Research: Dyslexics have better picture-memory (updated)

Research Slide
(Researchers puzzled by results)

If you wanted to design a study to test the hypotheses that dyslexics tend to think in pictures rather than words, one way to do that would be to test them on their ability to remember pictures that they have seen. You might guess that picture-thinkers would tend to store and retrieve remembered images more readily than non-dyslexics. If there is a system in the brain for retrieval,a picture-thinker would be more likely to associate images with visual qualities such as size, shape, or color,  or an understanding of what the image depicts, rather than object names.

Comparative Accuracy

So I was delighted to see the recent publication of a study with the title Enhanced Recognition Memory … in Children with Developmental Dyslexia. Cool, I thought – researchers who are focused on studying a dyslexic gift. 
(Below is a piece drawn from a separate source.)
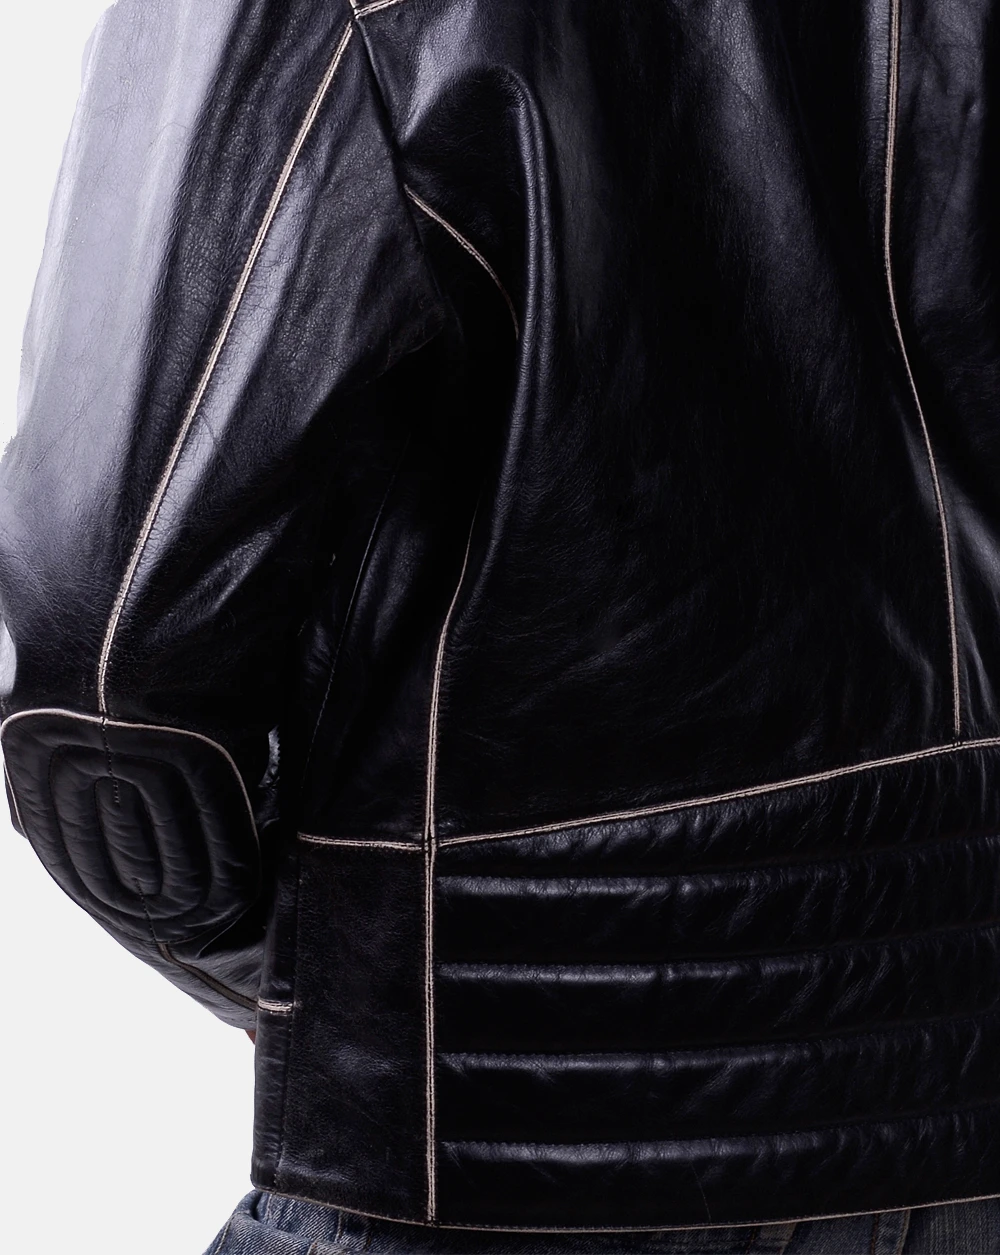 Buy Arkansas Leather Jacket

I was even happier, when I read the study, to see that the results were exactly as I had anticipated. The researchers compared the performance of  group of 11-year-old dyslexic children with a group non-dyslexic children on tests of how well they remembered line drawings 10 minutes and 24 hours after first being shown the pictures. As I would anticipate, the dyslexic children performed significantly better on those tests of visual memory.

The results are quite clear. Dyslexic children are marginally faster at distinguishing whether drawings depict real vs. imaginary objects, and much better at remembering whether they have seen a picture before.

But apparently that was not the result the researchers expected to see. They had hypothesized that both groups of children would perform about the same.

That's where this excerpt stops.